Моя жизнь - Амундсен Руаль Энгельберт Гравнинг - Страница 47
- Предыдущая
- 47/47
Спуск в Осло прошел значительно лучше, но все же отвратительно. В Ленинграде Нобиле, наконец, удалось провести маневр нормальным образом.
Но не только в маневрах проявил Нобиле недостаточнее знание полетов на дирижабле. В своем докладе он рассказывает о буре, в которую мы попали над Францией. В связи с его утверждением, что он, так сказать, являлся «единственным» на борту судна, я могу заметить, что в тот раз экспедиция погибла бы, не будь на борту еще других людей. Мы находились над Рошфором, попав в северо-восточный шторм такой силы, что мы стояли неподвижно в воздухе. Согласно картам погоды, циклон приближался из Бискайского залива. Если бы мы не пустили тогда в ход еще и третьего мотора и не проложили курса западнее Пулхэма, чтобы миновать центр циклона и выйти в область более спокойного состояния атмосферы, то остались бы стоять на месте, израсходовали бы весь бензин и затем в заключение стали бы дрейфовать. Прекрасное начало для экспедиции! Но Нобиле не хотел и слушать этих доводов. Прежде всего он не хотел пускать в ход третьего мотора, потому что мы тогда истратили бы больше бензина, а во-вторых, мы, по его мнению, должны были держать курс на Пулхэм и ни в коем случае не отклоняться. В конце концов майору Скотту удалось убедить его. Если бы Нобиле не сдался, нам пришлось бы решиться на весьма неприятный шаг и лишить его командования: впрочем нам едва не пришлось сделать это и во время самого перелета через полюс, когда Нобиле лишь в самый последний момент отказался от какой-то сумасбродной мысли.
Этого, кажется, достаточно, и я сожалею, что поведение Нобиле было таково, что Амундсен счел себя вынужденным просить меня об исправлении некоторых его заявлений. Для меня эти два года были преисполнены стольких неприятностей со всех сторон, что я предпочел бы молчать и поскорее забыть обо всем. С первого же момента со стороны итальянцев были одни только дрязги. Без последних дело нигде не обходилось, за исключением разве Москвы. Об этом можно было бы написать целую книгу. В виде маленького примера я расскажу следующее.

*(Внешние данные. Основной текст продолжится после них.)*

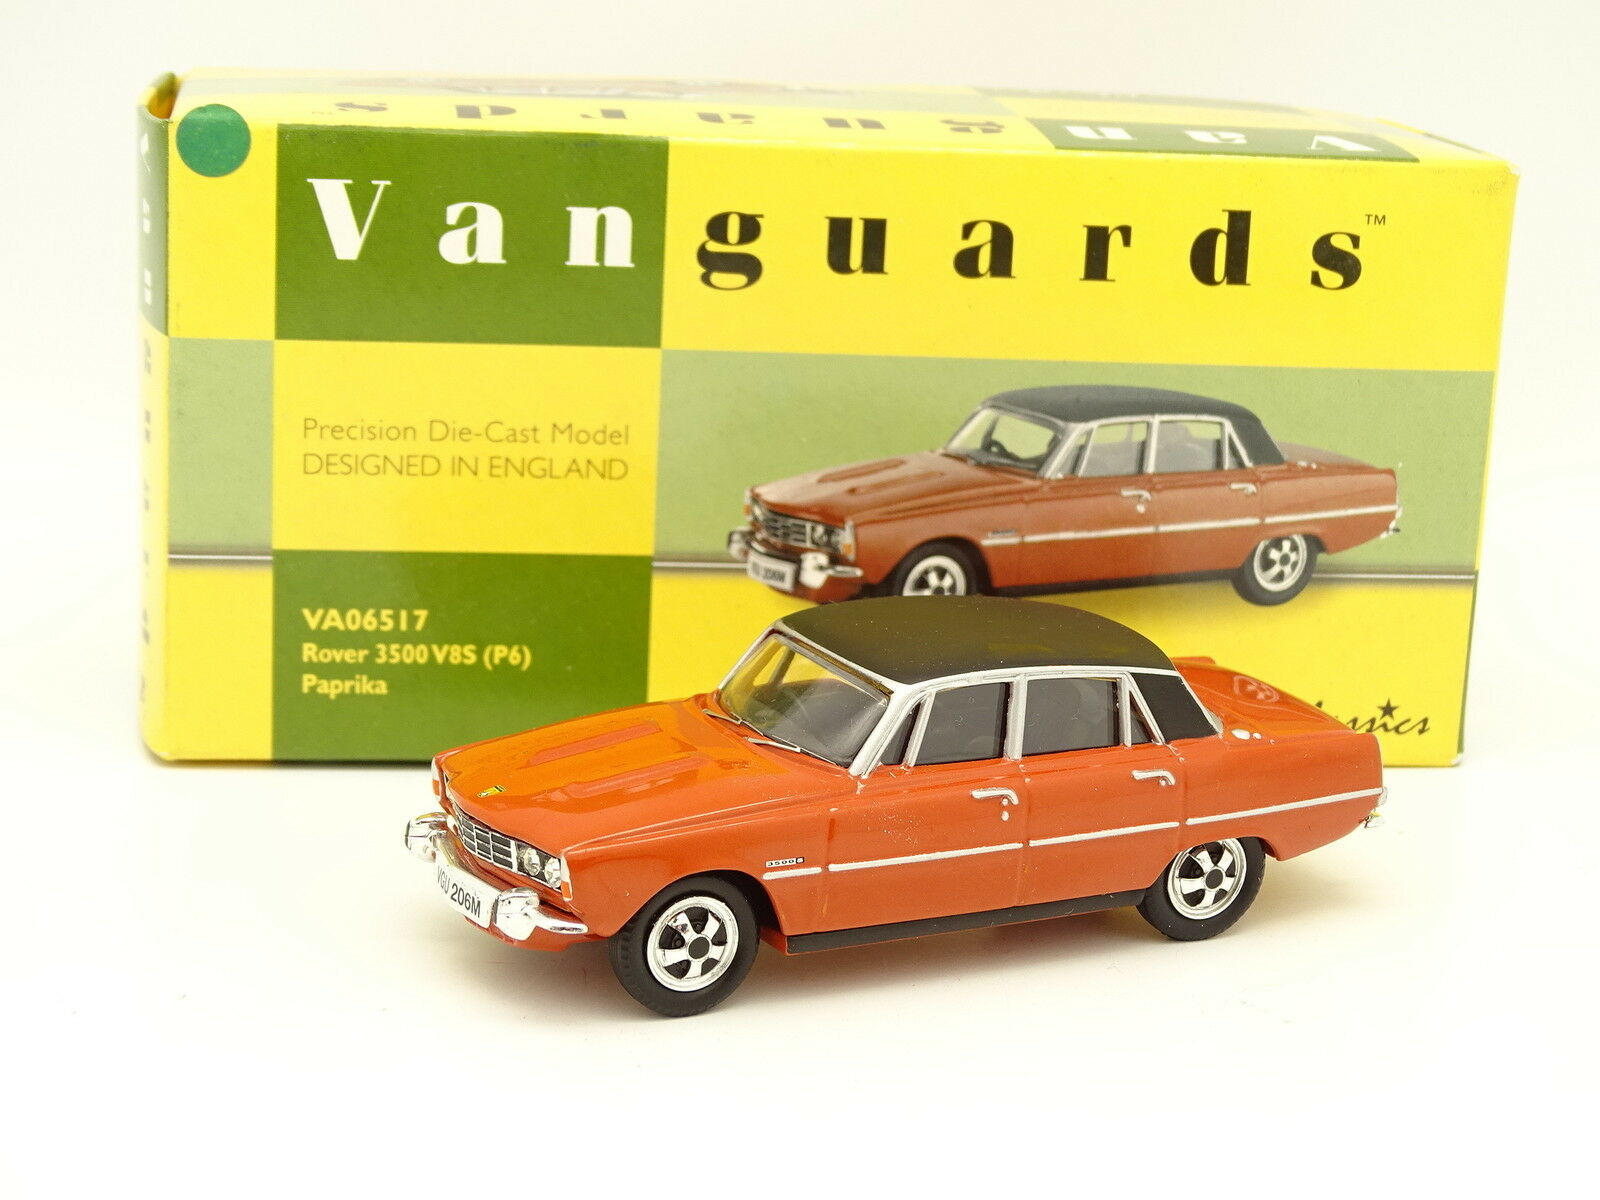 Vanguards 1 43 - Rover 3500  V8 S P6 Paprika  grand choix et livraison rapide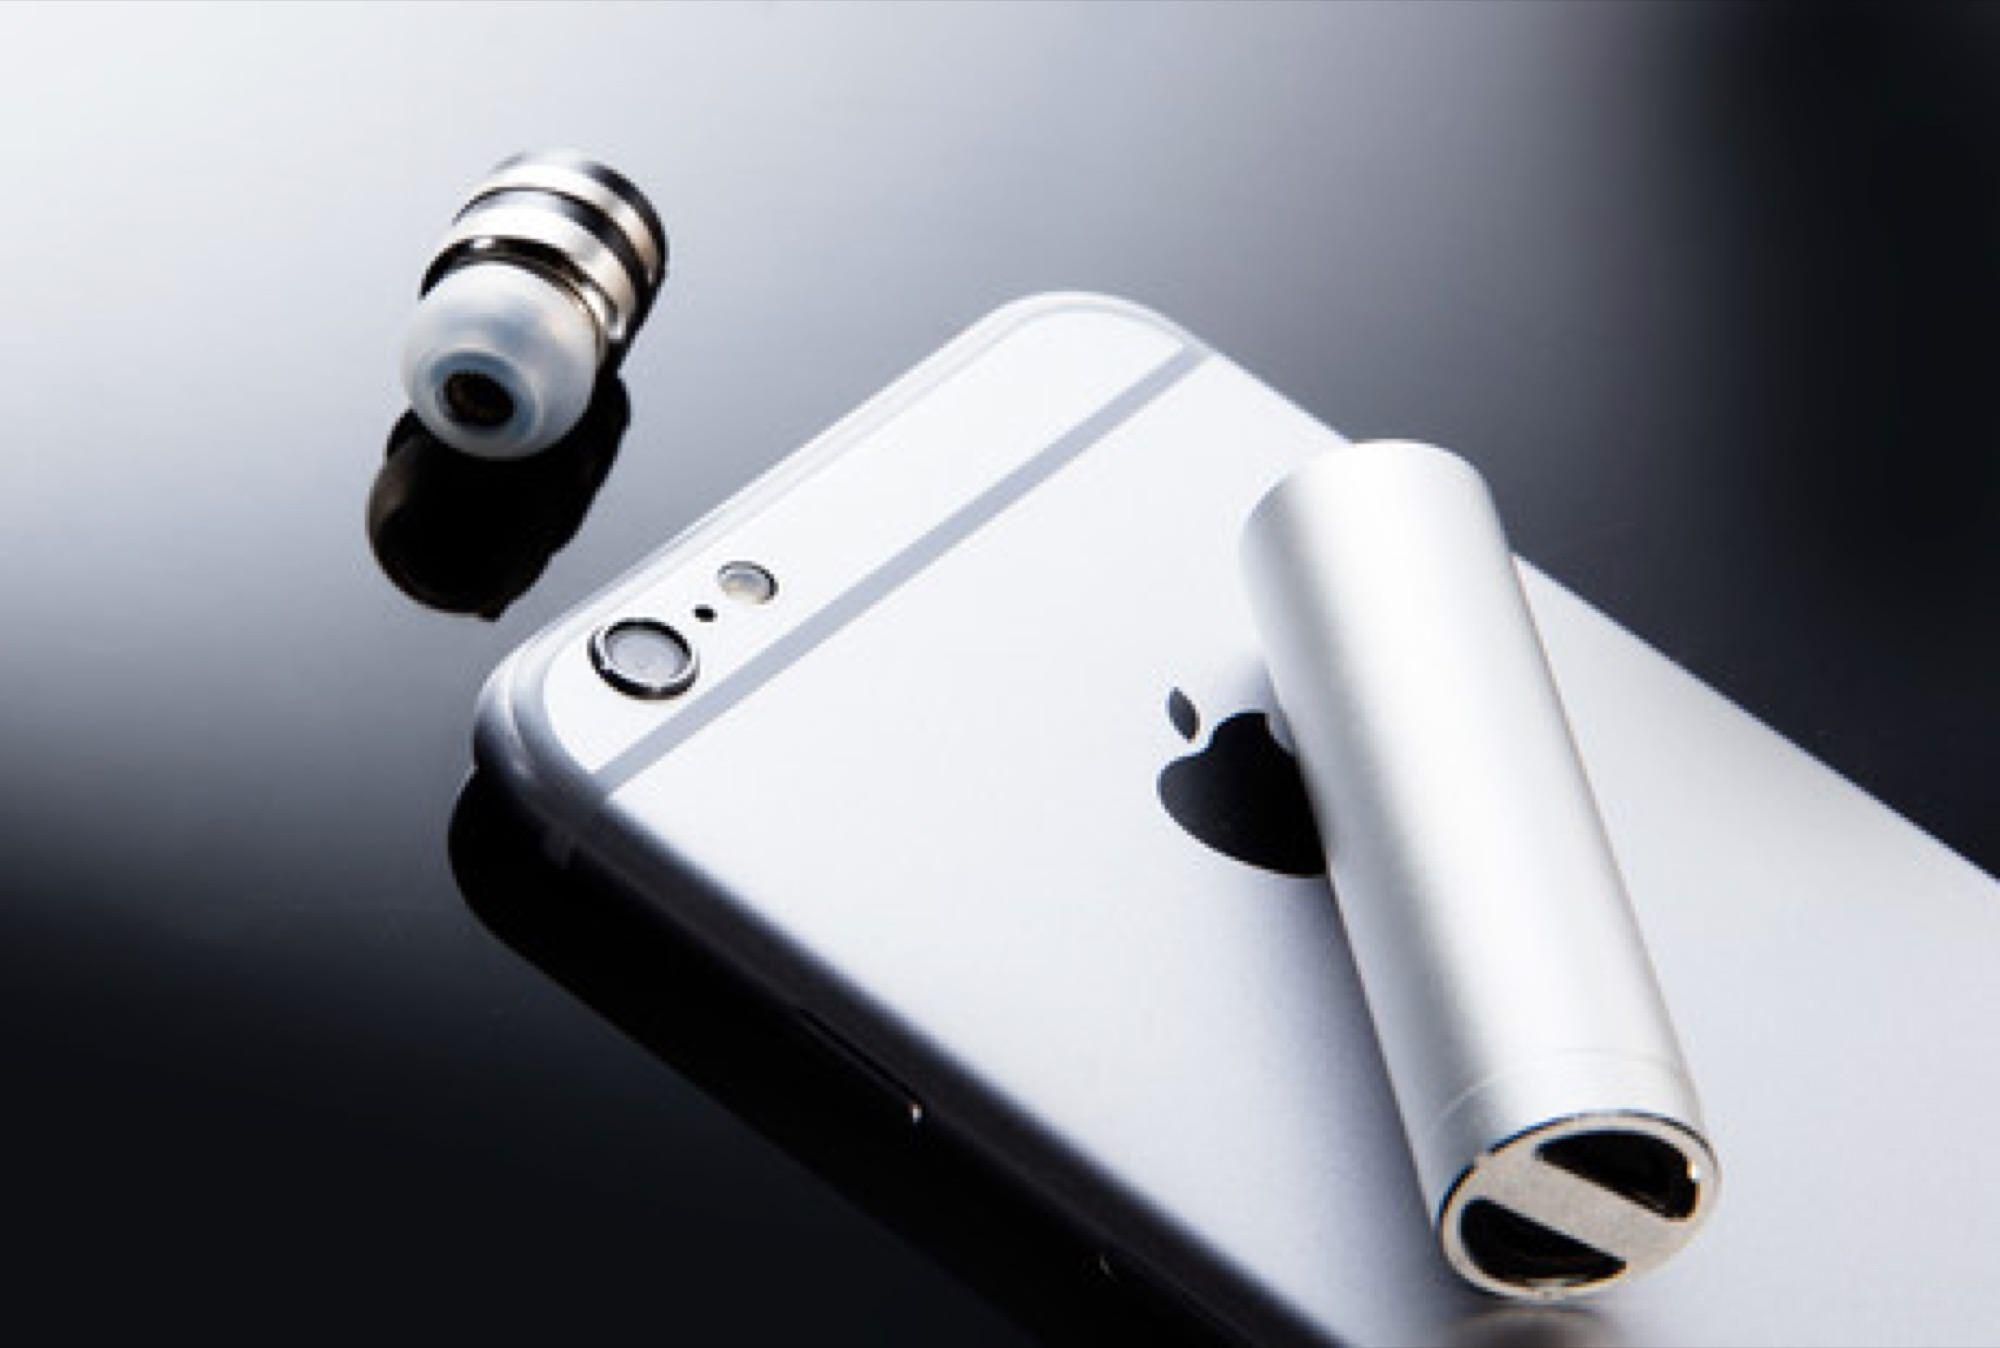 マイク内蔵の耳栓型の極小Bluetoothイヤホン:BULLET

Мы с Нобиле поехали в Ленинград для ведения переговоров с советскими властями об использовании ангара в Гатчине (Красногвардейске). Нобиле связался с тогдашним итальянским консулом, который сговорился о совещании с властями. Так как экспедиция была норвежская и соглашение с нашей стороны должно было быть улажено норвежским консулом в Ленинграде, то я обратился к итальянскому консулу с просьбой, чтобы наш консул тоже приехал на совещание. Итальянский консул отказал мне в этом без всяких разговоров. Когда я позднее читал в Ленинградском университете и в Союзе инженеров доклад об экспедиции прошлого года, то воспользовался этим случаем для разъяснения, каким образом новая экспедиция является продолжением первой. По той же самой причине мне пришлось в Италии, несмотря на большую работу по подготовке экспедиции, взять на себя тяжелое для меня задание разучить доклад на итальянском языке, который, кроме двух раз в Риме, был также прочитан мною в Милане и Неаполе. Целью этих докладов было обратить самым вежливым образом внимание на то, что и мы тоже имели скромное отношение к экспедиции.
Так как недружелюбно настроенные к нам лица распространили слух, будто внутренние раздоры экспедиции были вызваны мною, то я хочу добавить, дабы помешать злоупотреблению относительно сказанного здесь мною, что Нобиле через несколько дней после нашего спуска в Теллере предлагал мне организовать совместно с ним новую экспедицию, которая должна была носить его и мое имя. Едва ли бы он это сделал, если бы распространяемые слухи были верны.
Я всегда ценил вклад итальянцев независимо от того, был ли он оплачен или нет, и в знак признания его сам пристопорил итальянский флаг и сам спустил его под капитанской гондолой, когда мы покидали Рим.